Sasha’s primary research interests involve understanding how the chemistry of the ocean has evolved over various timescales over Earth history. She is particularly interested in changes in biogeochemical cycles in response to perturbations to Earth’s climate and how different biogeochemical cycles are coupled. This leads to the study of the interface between geochemistry and microbiology and how these interplay in biogeochemical cycling. Geomicrobiology is a critical component of understanding and interpreting biogeochemical cycles in a paleoceanographic context. Her current research uses both analytical measurements of stable isotopes and quantitative modelling of biogeochemical cycles. She is particularly interested in understanding the impact of microbial processes in continental margin sediments and chemical alteration in hydrothermal systems on the chemistry of the ocean.

Prof Andy Woods

Andy’s research is focused on the mathematical and physical modelling of different flow processes, including experimental and theoretical models of geological carbon storage, geothermal heat recovery from superheated systems, turbulent buoyant plumes and gravity currents in the ocean and atmosphere, and models of explosive volcanism.
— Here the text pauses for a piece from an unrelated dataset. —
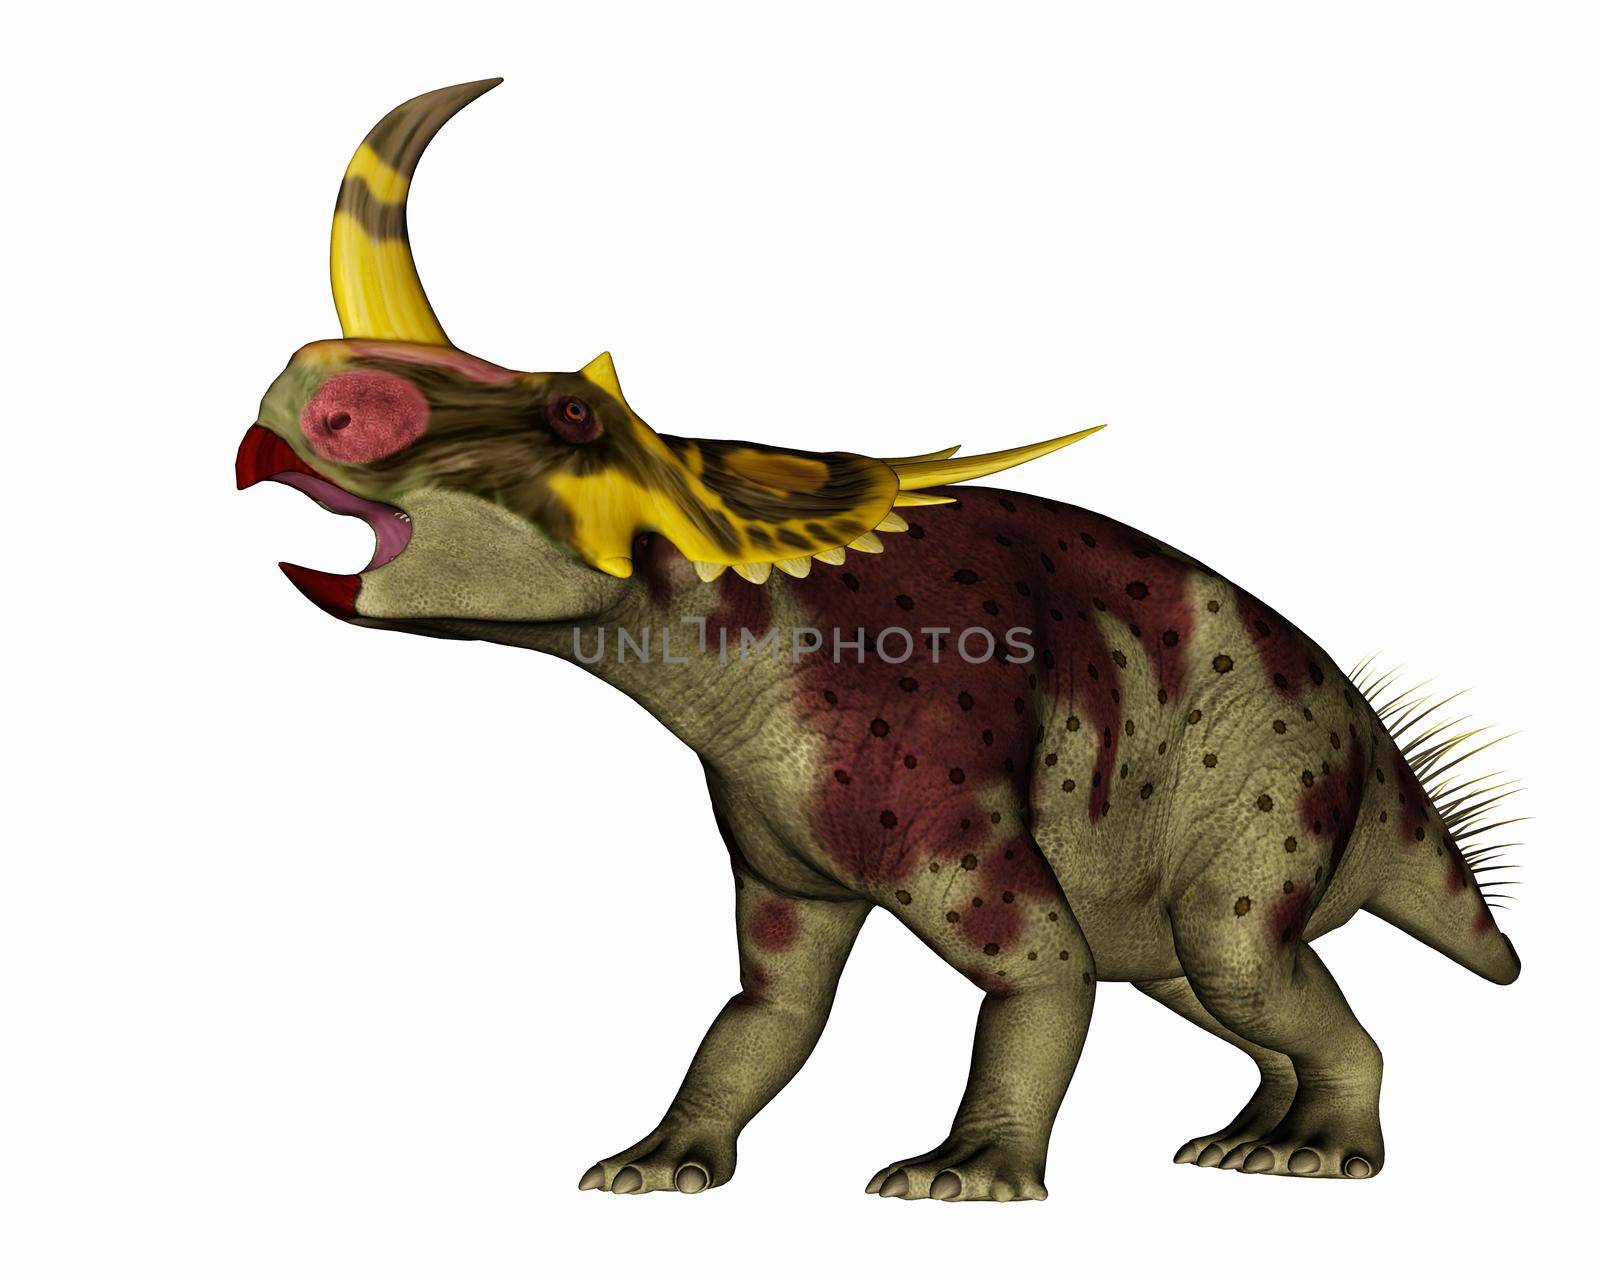 Rubeosaurus dinosaur standing and roaring - 3D render by Elenaphotos21

He also works on air flows in buildings.

Prof Grae Worster

The broad areas of Grae Worster’s research encompass buoyancy-driven fluid flows, solidification and interactions between the two. He is particularly interested in the evolution of reactive porous media called mushy layers that commonly form during solidification of multi-component melts. Examples include the partially solidified regions formed during alloy production, solidification of magmas and the freezing of sea water to produce sea ice. Latterly, his research has been particularly focused on ice in our natural environment: sea ice, permafrost and glacial ice sheets.